Anti-DDoS Basic may actively trigger a black hole to lock network access to the instance if the data transfer rate exceeds the default black hole threshold (unit: bps). Once in a black hole, the instance under attack cannot be unblocked.
See the following table for the default threshold settings for different regions.
- The default threshold settings apply to ECS, SLB, and EIP.
- The actual black hole threshold of your ECS, SLB, or EIP instance also indicates the type and network bandwidth of the instance, and is subject to the threshold in the Alibaba Cloud console. For more information, see How to check the black hole threshold of your instance?
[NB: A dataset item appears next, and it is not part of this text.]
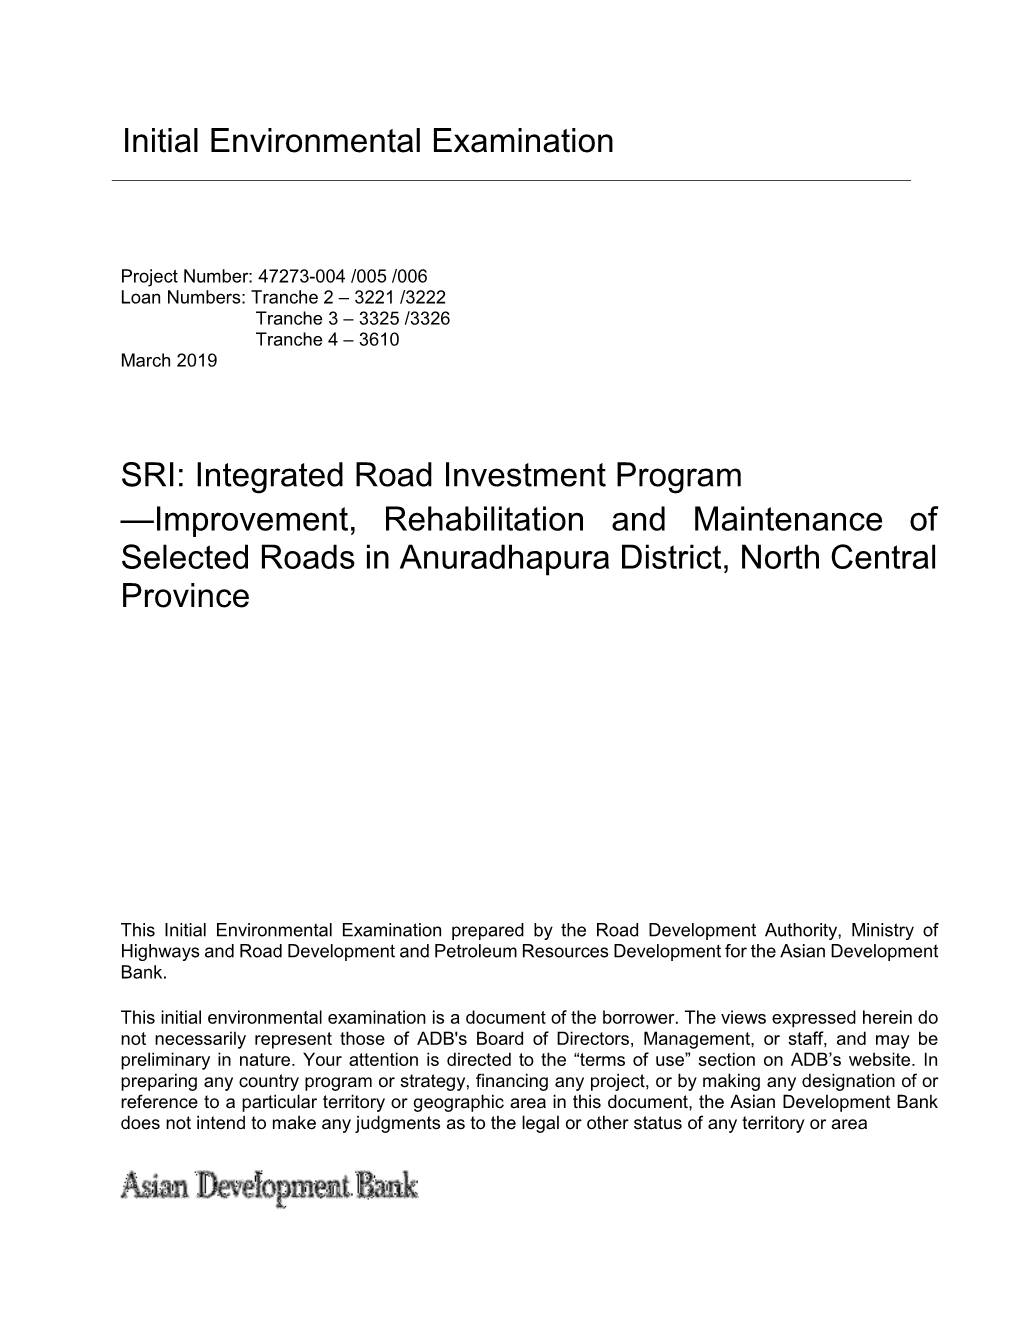 47273-005: Integrated Road Investment Program – Tranche 3 | 4727

|Region||Solo-Core CPU ECS||Duo-Core CPU ECS||Quad-Core or higher CPU ECS||SLB and EIP|
|East China 1||500 M||1 G||5 G||5 G|
|East China 2||500 M||1 G||2 G||2 G|
|North China 1||500 M||1 G||5 G||5 G|
|North China 2||500 M||1 G||2 G||2 G|
|North China 3||500 M||1 G||2 G||2 G|
|South China 1||500 M||1 G||2 G||2 G|
|Hong Kong||500 M||500 M||500 M||500 M|
|US East 1||500 M||500 M||500 M||500 M|
|US West 1||500 M||1G||2G||2 G|
|Tokyo||500 M||500 M||500 M||500 M|
|Singapore||500 M||500 M||500 M||500 M|
|Sydney||500 M||500 M||500 M||500 M|
|Kuala Lumpur||500 M||500 M||500 M||500 M|
|Mumbai||500 M||1 G||1 G||1 G|
|Frankfurt||500 M||500 M||500 M||500 M|
|Dubai||500 M||500 M||500 M||500 M|
The black hole duration is the amount of time the triggered black hole lasts, 2.5 hours by default. The actual black hole duration varies from 30 minutes to 24 hours, depending on attack intensity. Additionally, the following factors are considered:
The black hole duration is extended, if the attack continues.
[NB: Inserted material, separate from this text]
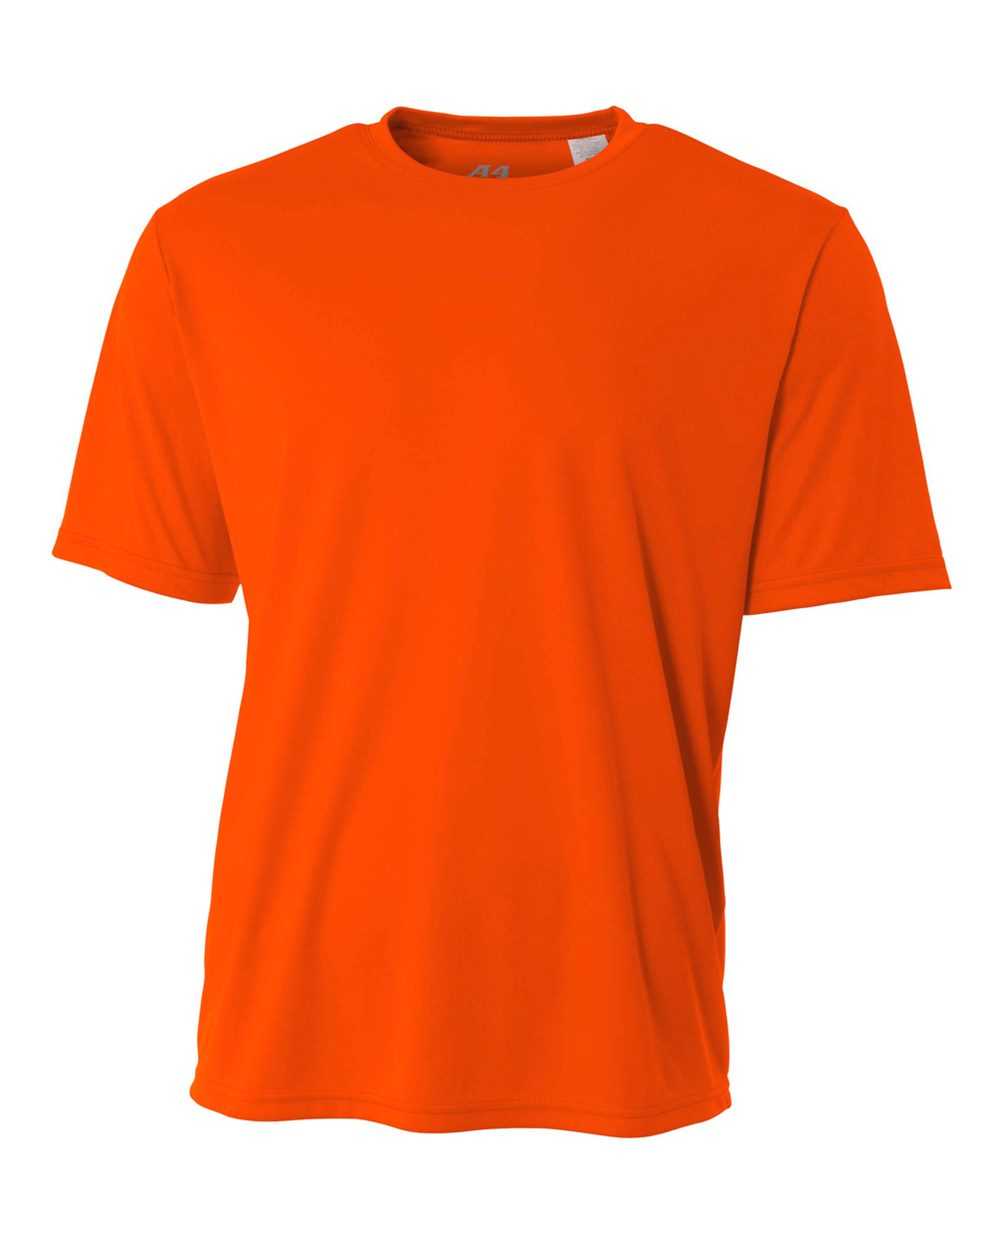 A4 N3142 Cooling Performance Crew - Safety Orange - HIT a Double

The black hole duration is shortened automatically when the ECS instance is attacked for the first time, but can be prolonged accordingly, if under frequent attacks.
Note: If an ECS instance triggers too many black holes, Alibaba Cloud Security reserves the right to extend the black hole duration and lower its threshold. For actual duration and threshold information, see the Alibaba Cloud console.
Follow these steps to check the actual black hole threshold of your ECS, SLB, or EIP instance:
Log on to Alibaba Cloud Security console.
Select Anti-DDoS Basic, and select the region of the ECS, SLB, or EIP instance that you want to check with.
Select ECS, Server Load Balance, or EIP, locate the instance, and check the actual black hole threshold of the instance.
A higher capacity for DDoS mitigation can be obtained at Anti-DDoS Pro. Anti-DDoS Pro provides up to 300 Gbps (Mainland China) and 100 Gbps (Hong Kong and Singapore) DDoS mitigation with a better performance.